有时候她以为自己还躺在长公主府的床上。刚穿越来时她总是心惊胆战,彻夜难眠,生怕莫名其妙地死在这沉寂的夜晚中,于是干脆提着灯去府中的藏书库,抱着一大堆过往记载和书卷缩在角落里看上一整夜,等到天光微亮时才敢合眼,有时候实在是困极了来不及回屋,就在书堆里睡了过去。
后来她慢慢适应了,知道屋外会有缚风楼的人守卫,而自己每夜用功地挑灯夜战也不像长公主作风,也就作罢。可她仍旧失眠。
原因无他,只是太寂寞了。
陈嘉玉已许久没有好好地说上一句话:
“你好。”
“晚上见!”
“现在几点了?”
长公主总是在命令,散发出可怖的吃人气场,上下唇轻轻一碰就能扫清无数蝼蚁的性命。
“给我丢进牢里去。”
“胆敢杀我就要做好死的准备。”
“杀了他!”
明明是同一种语言,她却失去了说母语的自由。权杖在手,可她却觉得自己才是那个被鞭笞着向前疲于奔命的马。

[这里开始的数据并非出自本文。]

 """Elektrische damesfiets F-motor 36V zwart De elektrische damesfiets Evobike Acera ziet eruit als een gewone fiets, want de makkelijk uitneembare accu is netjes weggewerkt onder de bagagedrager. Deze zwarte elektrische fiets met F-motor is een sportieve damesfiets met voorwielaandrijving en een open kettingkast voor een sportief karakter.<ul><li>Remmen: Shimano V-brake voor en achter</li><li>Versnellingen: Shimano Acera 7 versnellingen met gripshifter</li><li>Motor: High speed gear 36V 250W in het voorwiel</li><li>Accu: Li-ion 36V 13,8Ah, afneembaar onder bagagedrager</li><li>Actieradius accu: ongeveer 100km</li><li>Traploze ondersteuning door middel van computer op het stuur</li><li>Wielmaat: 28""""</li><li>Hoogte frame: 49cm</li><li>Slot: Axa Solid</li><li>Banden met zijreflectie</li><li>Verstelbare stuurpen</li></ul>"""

直到后来……她遇见一个或可倾吐的对象。他温柔和煦似春风拂面,又被困囿于这一方窄窄的后院,与他秉烛夜谈后的垂露干蜡都令她垂怜。
可她不知道他那样的人不需要垂怜。他只有恨。
于是她又一次失眠了,这一次连同仅存的天真情意也被夺走。从那之后她就是长公主陈嘉玉,缚风楼便是她最坚实的倚靠。
可如今就连缚风楼也没有了。
一个心存死志的人是救不活的。她听见鬼医在床边毫不避讳地对李仲卿说,可能就是说给她听的吧。可她连动动眼睛的想法都没有,更不指望反驳。他说的分明没错不是吗?继续活着有什幺意义?情毒蒂固、筋脉寸断、手足相残、孑然一身……将她丢到田里连养活自己都做不到,谈何活着二字?
她只是在呼吸而已。
而李仲卿——那个将她从法场救回的人,据说是她的舅舅。他听后并没有多说什幺,只是沉默地坐在一旁。一开始她以为他是在想要怎幺开导自己,该说些什幺来安慰。不需要,她想告诉他。
可后来她发现他只是在陪伴,并且一意孤行地认为这样是有用的。正如她昏昏然时听见他始终如一的诵读声,坚定、平稳。
而他本人的模样……也确实同样端庄肃正。
李仲卿擡头,发现了她转向自己的视线,愣了很久才突然回过神,无措地站了起来。
好像她第一天成为陈嘉玉时下意识对仆侍微笑,对方回以的惊恐表情……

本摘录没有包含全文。